• [EXERCISE INSTRUCTIONS] Reproduce the lines below exactly, from the one containing "eckbank massiv mit" through the one containing "Green slim fit joggers", both included. Leave out any pictures.

• [INFORMATION SUPPLIED]

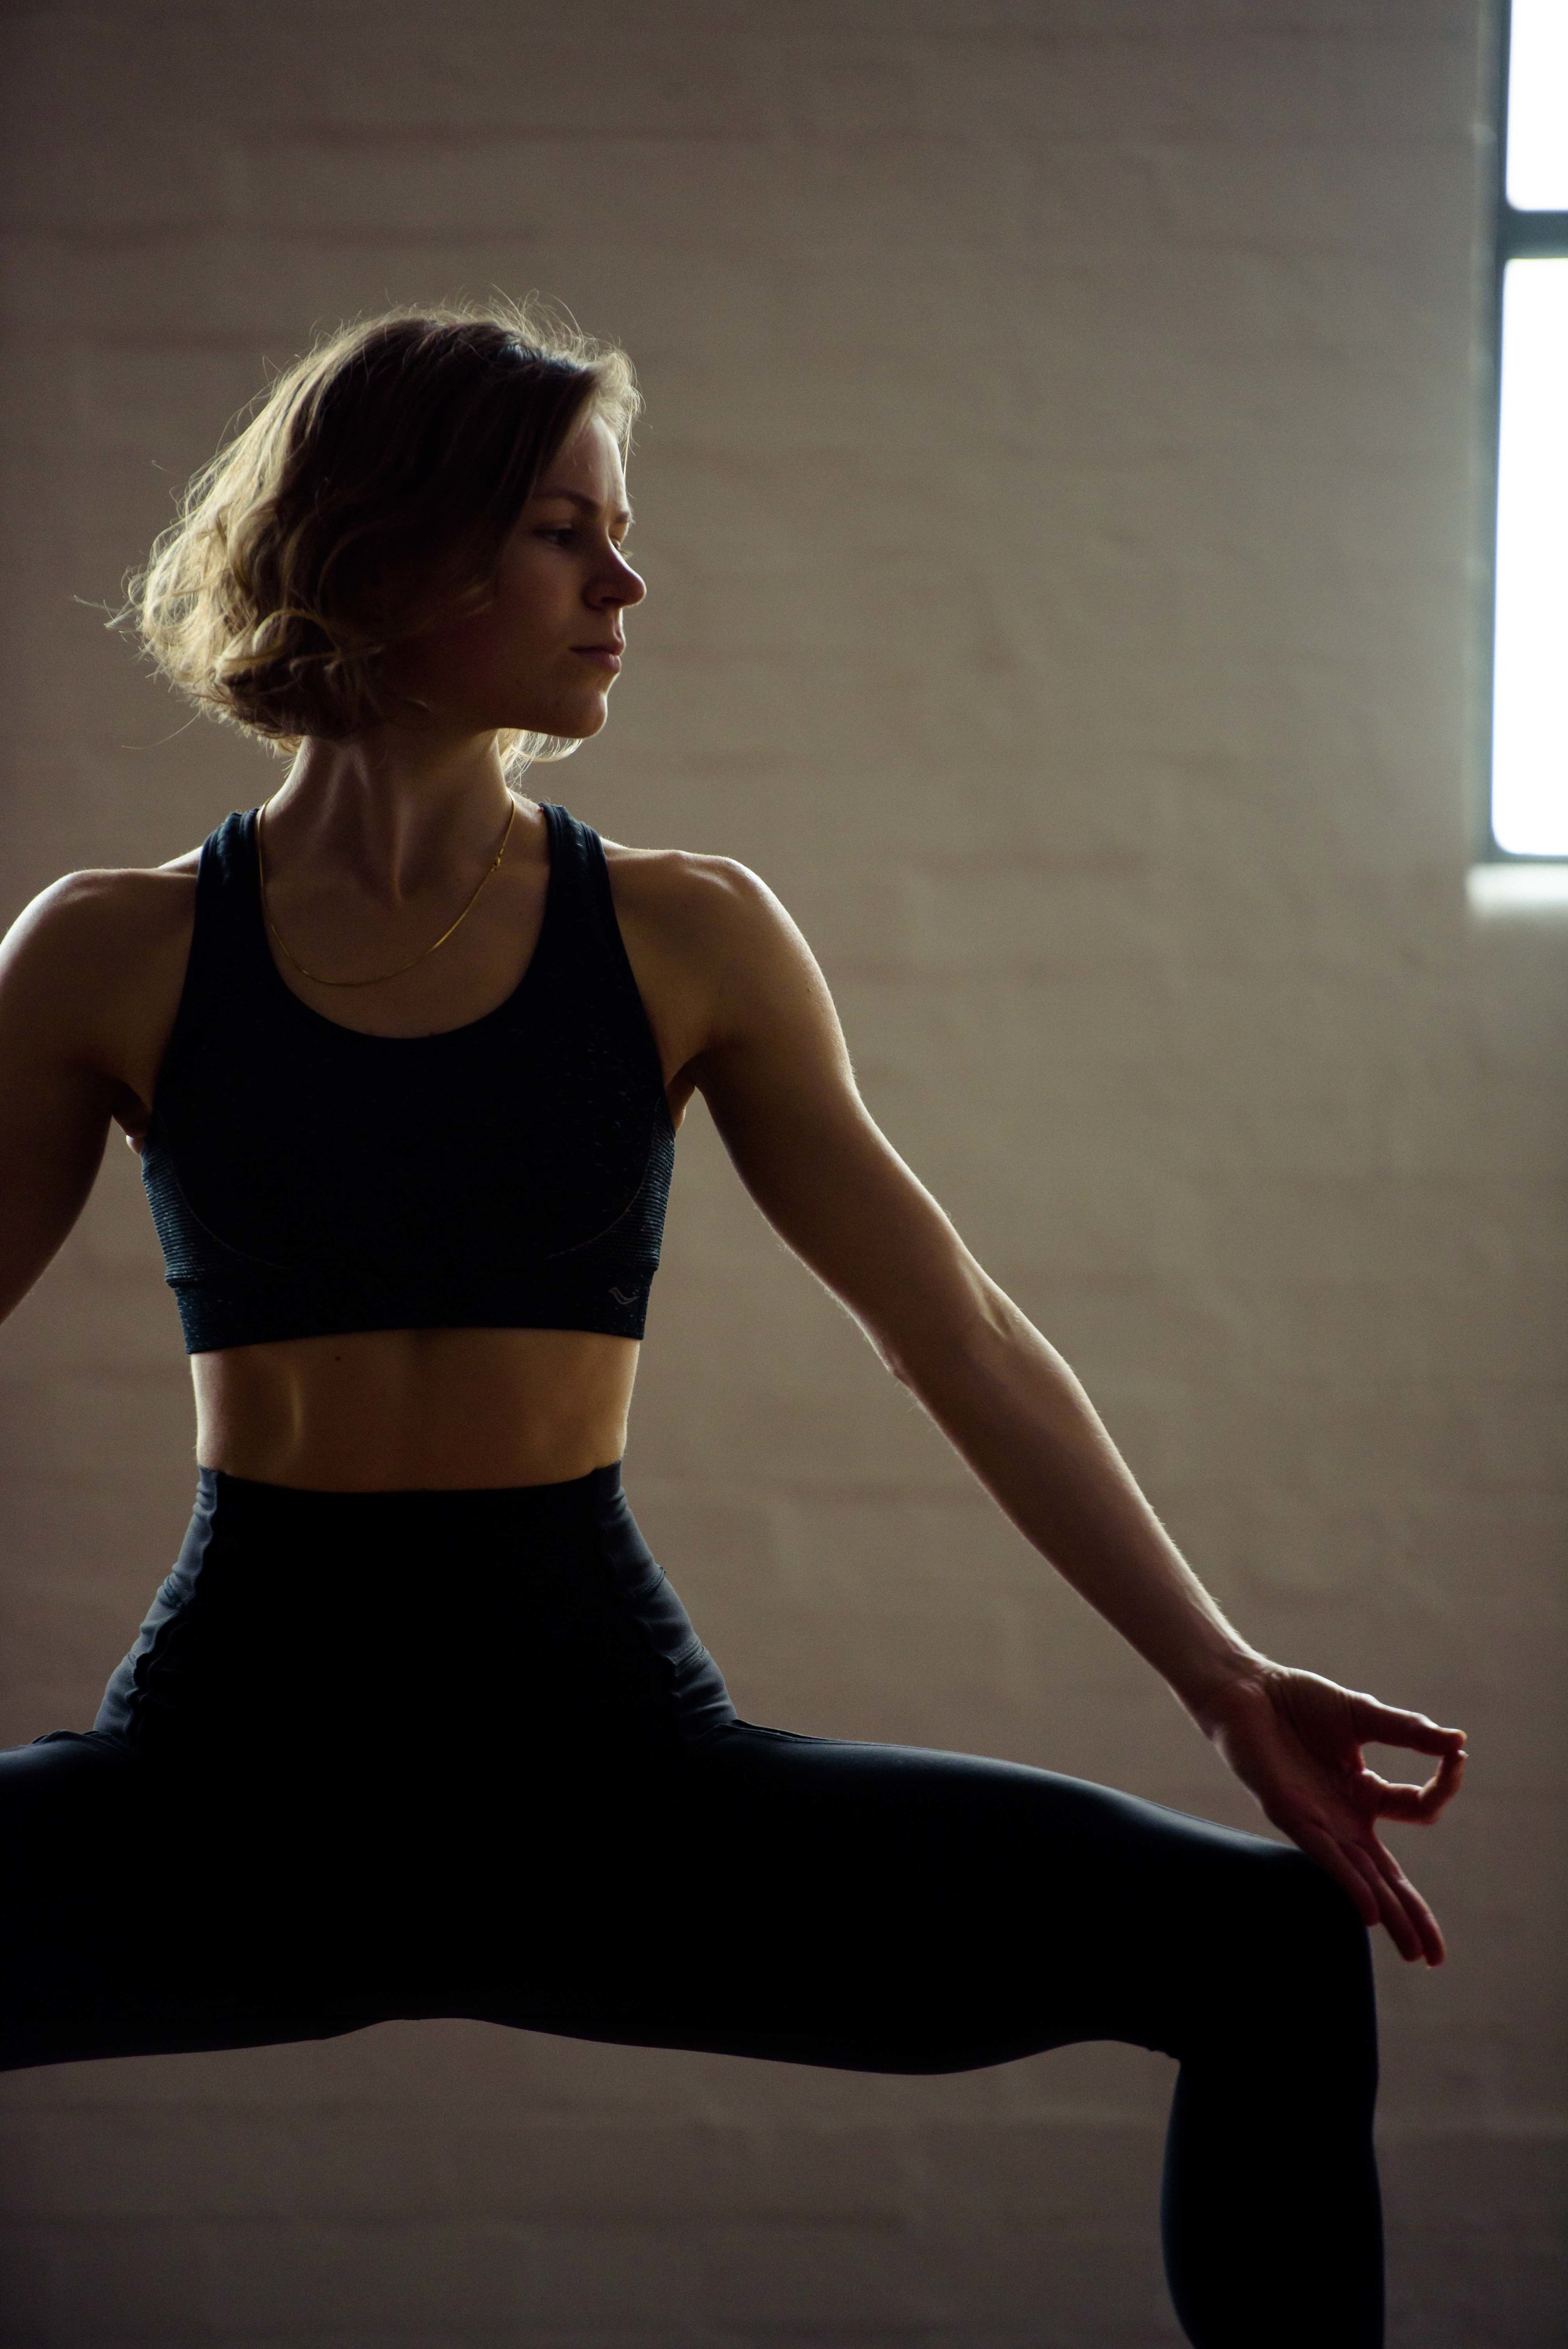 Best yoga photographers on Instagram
...
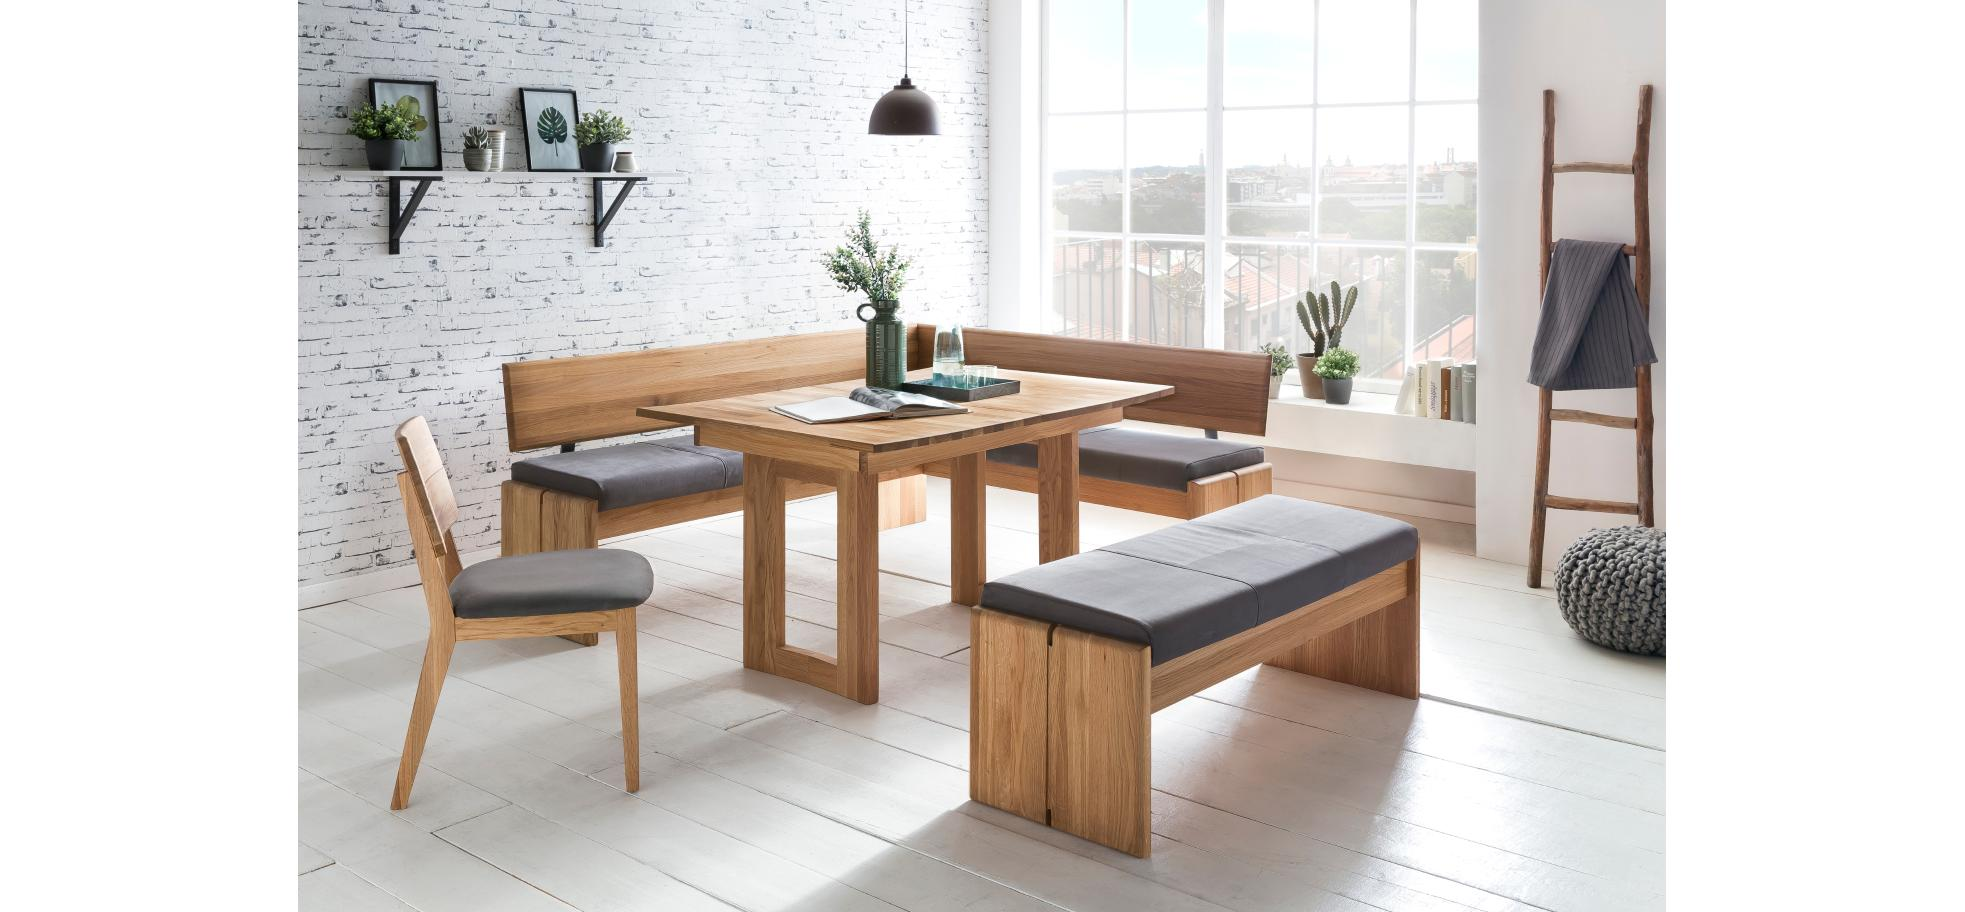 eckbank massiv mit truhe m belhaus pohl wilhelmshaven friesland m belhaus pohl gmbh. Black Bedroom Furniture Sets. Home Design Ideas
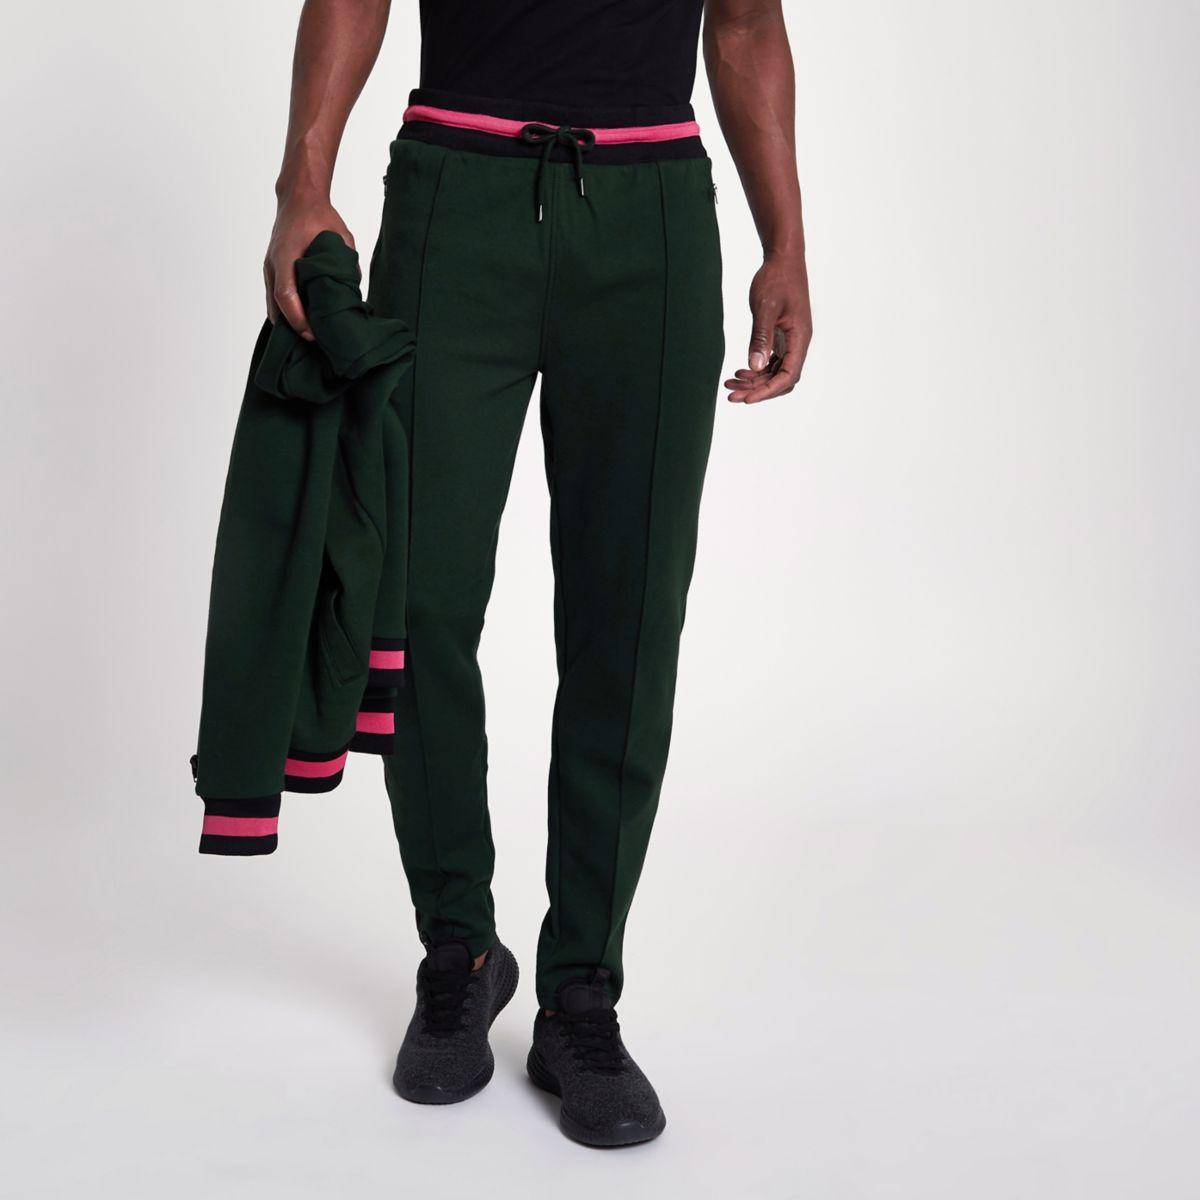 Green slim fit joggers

• [RESPONSE TO THE TASK]
 eckbank massiv mit truhe m belhaus pohl wilhelmshaven friesland m belhaus pohl gmbh. Black Bedroom Furniture Sets. Home Design Ideas
 Green slim fit joggers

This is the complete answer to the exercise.